The Economic, Environmental And Community Impact Of AI Data Centers
Like hospitals, schools and farms, the impact of the data centers running AI models extends beyond the work that goes on inside them. They are also impactful for their effects on the economies, the environments and the communities in which they operate.
Data centers are engines of economic growth. A 2025 impact analysis conducted by PwC for The Data Center Coalition found the U.S. data center industry positively impacted the economy in terms of jobs, labor income, GDP and fiscal contributions. Data centers directly and indirectly supported 4.7 million jobs and contributed $727 billion to GDP in 2023. The industry's total contribution to government finances (federal, state and local) increased by 146% between 2017 and 2023.
Data centers also impact the environment, and that is often a focal point for critics of the industry. It's true that because AI workloads are much more power-intensive than traditional workloads, AI is driving large increases in data center power consumption. As a result, data centers are consuming more water (indirectly in power generation and, in many data centers, for cooling). Without proportionate offsetting, higher power consumption also means higher carbon emissions.
Leading data center operators are leveraging AI to mitigate these environmental impacts and even enable net positive impacts. As far back as 2016, Google was using DeepMind to reduce the energy used for data center cooling by 40%. Meta's open-source AI model is generating concrete mixtures with up to a 40% lower carbon footprint than the regional industry standard. AI applications that ease the burden of hourly time matching are enabling data centers to run on 24/7 carbon-free energy.

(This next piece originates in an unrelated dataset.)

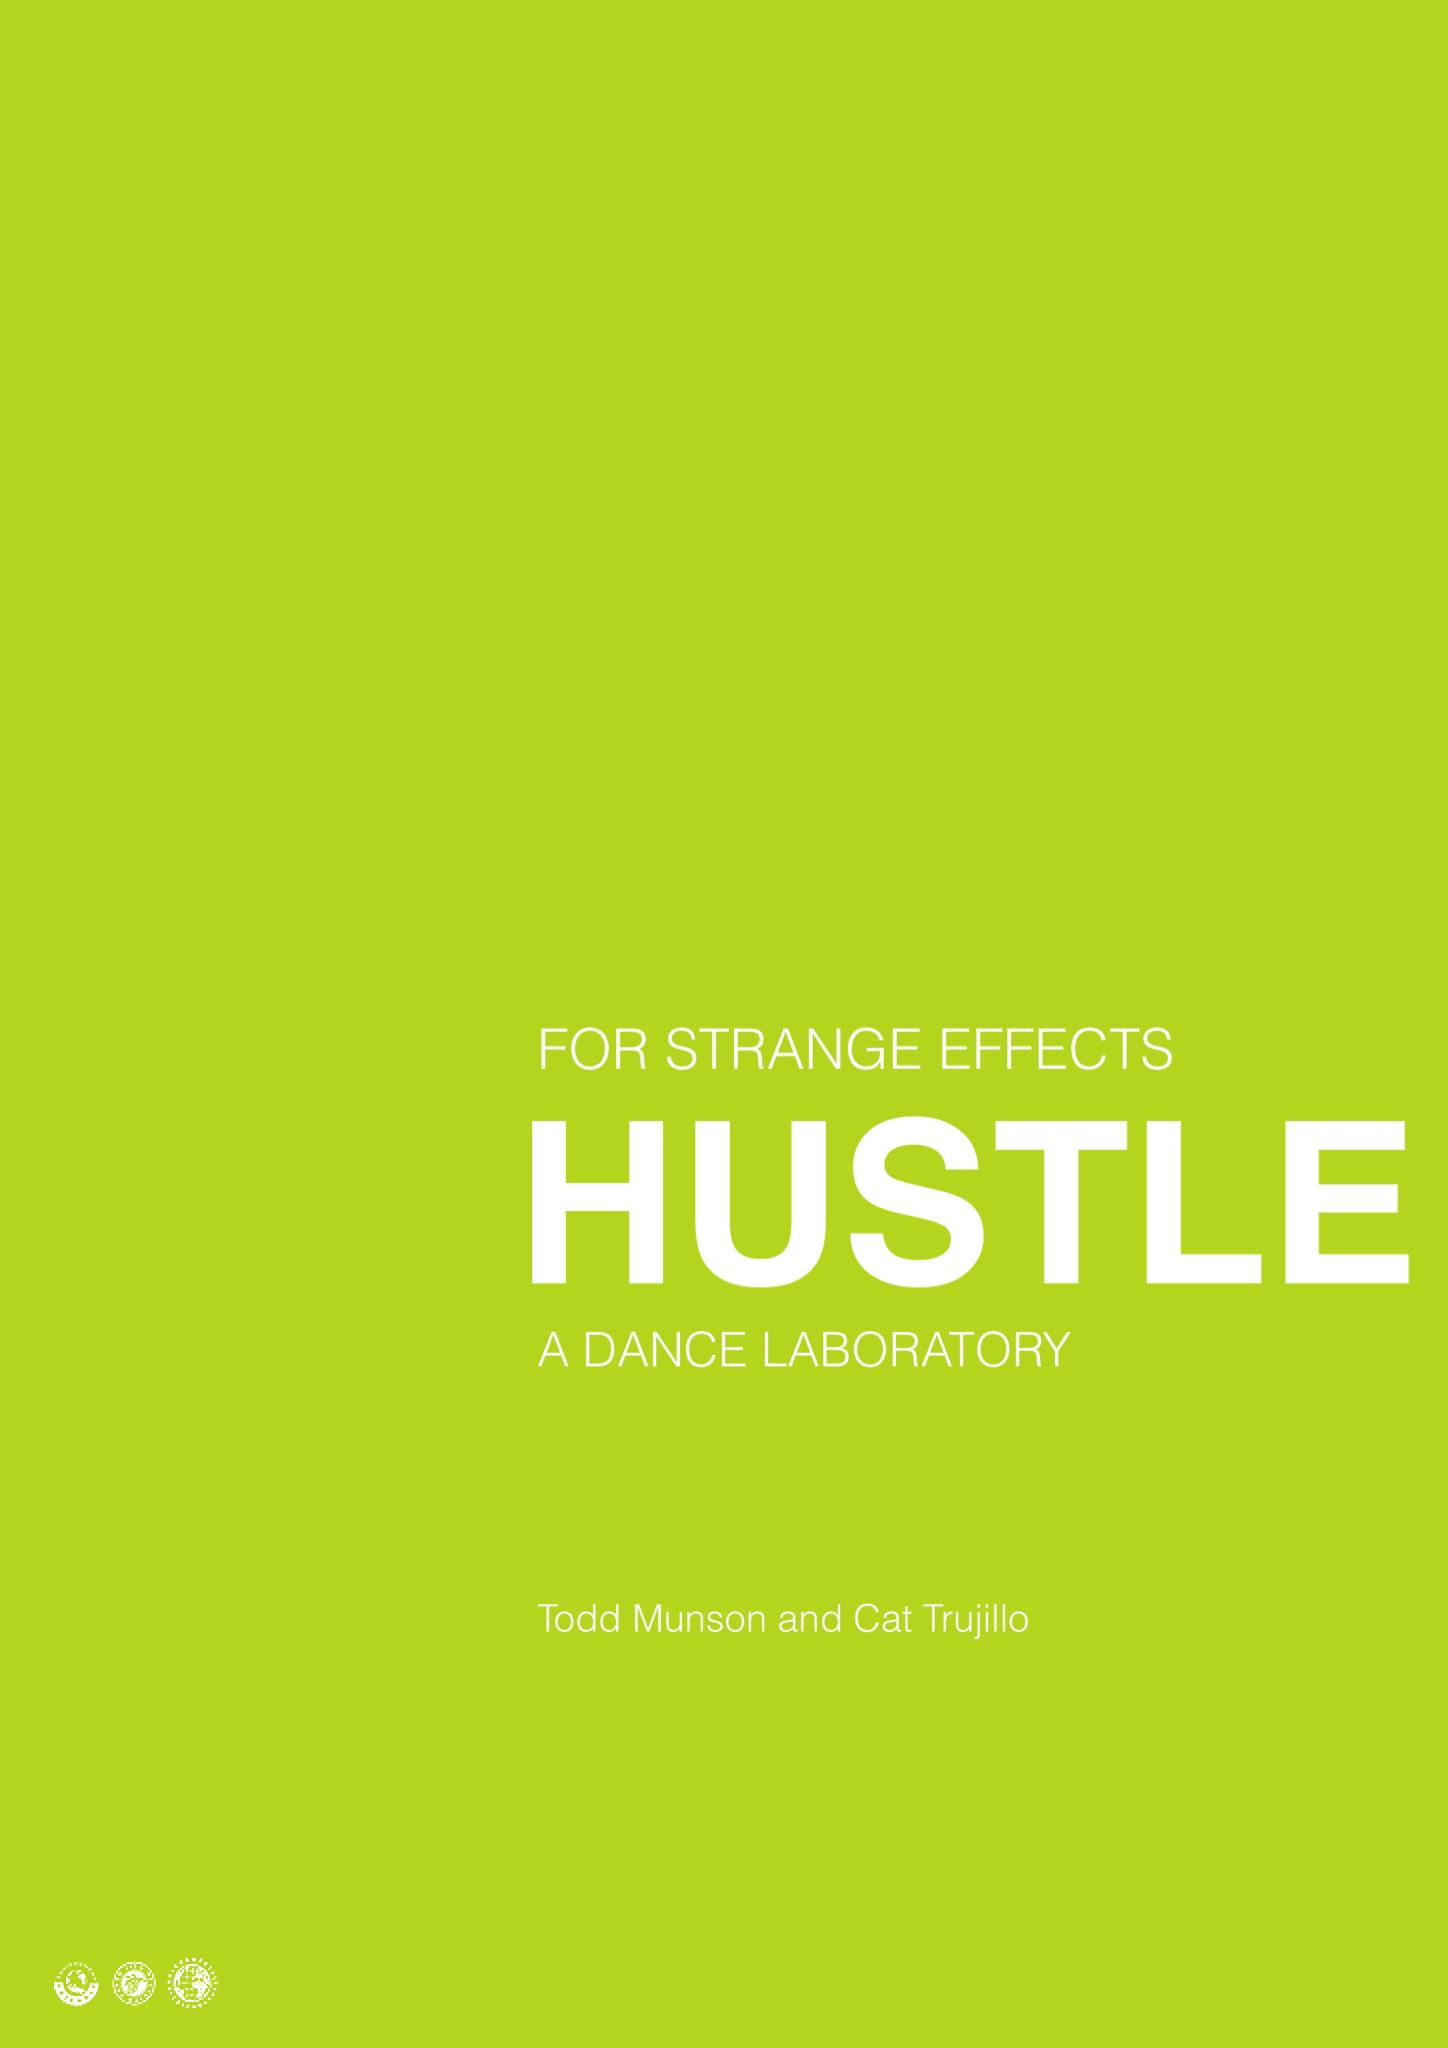 Denver Hustle Dance

In addition to economic and environmental impacts, data centers also impact the communities in which they're located. It is incumbent on data center operators to be good neighbors. That means mitigating impacts like noise pollution and habitat destruction. Leading developers are modifying their designs to reduce noise and proactively support biodiversity through efforts like preserving habitats for bees and planting new trees.
Being a good neighbor also means taking steps to generate positive impacts for the community. In Europe, for example, leading data center developers design their facilities to recover waste heat and channel it to local district heating systems. Many data center operators support local community initiatives with investments of time as well as monetary donations. Supporting education and career development is another way data center operators are positively impacting their communities.
AI Data Centers' Impacts Should—And Can—Be Positive
The rapid rise of artificial intelligence is dramatically amplifying the impact of data centers—by the AI work they do and their effects on economies, environments and communities. AI presents tremendous opportunities for positive impact in healthcare, education, agriculture and many other industries. It can also help us ensure data centers' economic, environmental and community impacts are positive.